Picture: 123RF/SOLAR SEVEN
Picture: 123RF/SOLAR SEVEN

Shanghai/New York — Asian shares rose to record highs on Friday, with Japan’s Nikkei hitting a three-decade peak as investors looked beyond rising coronavirus cases and political unrest in the US to focus on hopes for an economic recovery later in the year.

The upbeat mood came after Wall Street hit record highs on Thursday while bond prices fell as markets bet a new Democratic-controlled government would lead to heavy spending and borrowing to support the US economic recovery.

“Market participants are fairly optimistic with how things are progressing … in the US the potential for more stimulus certainly is a boon to the economy,” said James Tao, analyst at CommSec in Sydney. “You’ve got the vaccines now coming through, getting the approvals — it’s all happening pretty quickly,” he added.

The buoyant mood lifted MSCI’s broadest index of Asia-Pacific shares outside Japan up 1%, touching a record high. Seoul’s Kospi led the way, charging 2.8% higher, also to a record high. In Tokyo, the Nikkei added 1.73%, hitting its highest level since August 1990.

Hong Kong’s Hang Seng rose 1.2% despite reports the Trump administration is considering banning US entities from investing in an expanded list of Chinese companies in the waning days of the presidency, and despite the delisting of major Chinese telecoms firms from the FTSE Russell and MSCI indices.

Chinese blue-chip shares were flat after recent gains and Australia’s S&P/ASX 200 rose only 0.48% after the state of Queensland enforced a three-day lockdown in its capital, Brisbane, after the discovery of a case of the more contagious UK variant of Covid-19.

On Thursday, the Dow Jones Industrial Average rose 0.69%, the S&P 500 gained 1.48% and the Nasdaq Composite added 2.56% — with all three indices finishing at record closing highs.

The gains follow expectations that Democratic control of both US houses of Congress will help the party of president-elect Joe Biden push through larger fiscal stimulus and comes despite political unrest in Washington DC.

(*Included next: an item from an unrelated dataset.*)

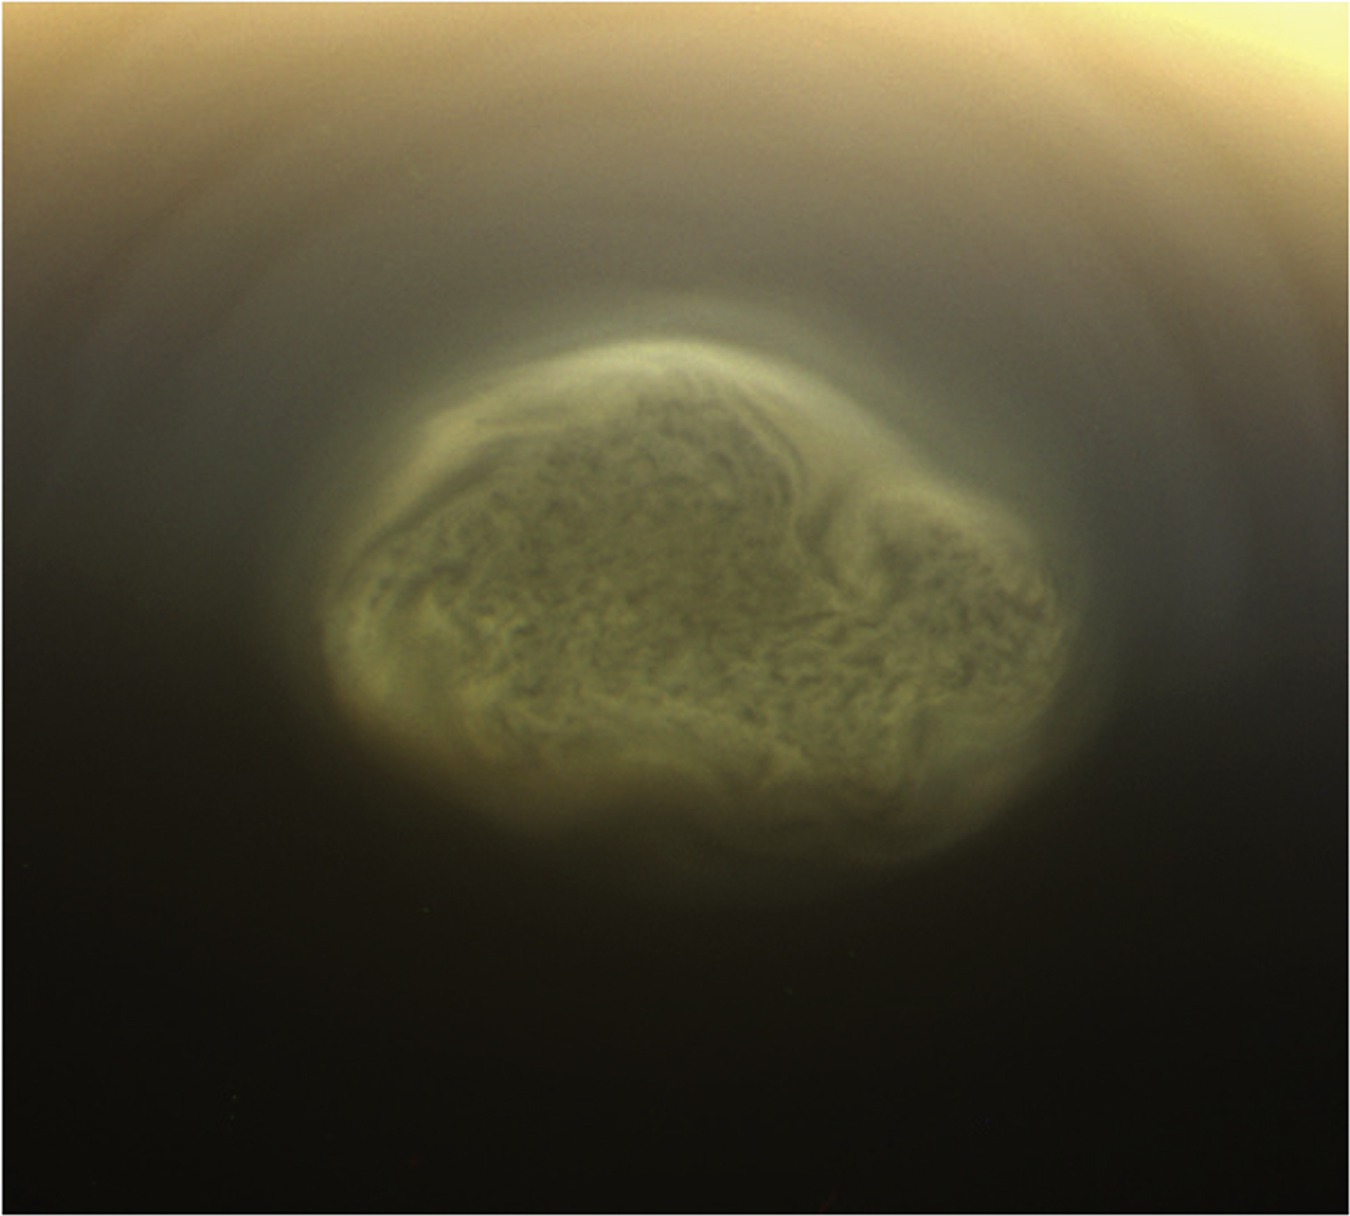 卡西尼號於2012年拍攝的泰坦南極渦旋雲。該雲大小達48萬公里，可能由氰化氫冰或液體組成。                                          圖片鳴謝: NASA/JPL/Space Science Institute.

US government officials have begun weighing removing President Donald Trump from office before Biden’s inauguration date of January 20, after Trump supporters stormed the US Capitol building.

Rising risk appetite weighed on bonds, pushing benchmark US yields higher. Ten-year notes yielded 1.0998% on Friday, up from 1.017% on Thursday. The 30-year bond yielded 1.8817%, up from 1.845% Thursday.

The dollar also strengthened on hopes of a meaningful economic recovery later this year. The dollar index edged up against a basket of currencies to 89.875. The euro was down 0.11% to $1.2256 and the greenback was up by a hair against the yen to ¥103.84.

“We’re sure to see a synchronised global recovery in the second half of this year,” said ING analyst Carsten Brzeski. “Right now, there’s lots of concern about the virus and noise surrounding the vaccine. But we need to take a slightly longer view.”

Cryptocurrency bitcoin fared less well, dropping more than 5% to $37,377 after topping $40,000 for the first time on Thursday on high demand from institutional and retail investors. Market watchers have said a pullback is likely after its recent run-up.

In commodity markets, oil traders continued to focus on Saudi Arabia’s pledge to deepen production cuts. Brent crude was up 0.39% at $54.59 a barrel after touching $54.90, a high not seen since before the first Covid-19 lockdowns in the West. US West Texas Intermediate (WTI) rose 0.45% to $51.06.

Spot gold was about 0.1% lower at $1,910.87/oz.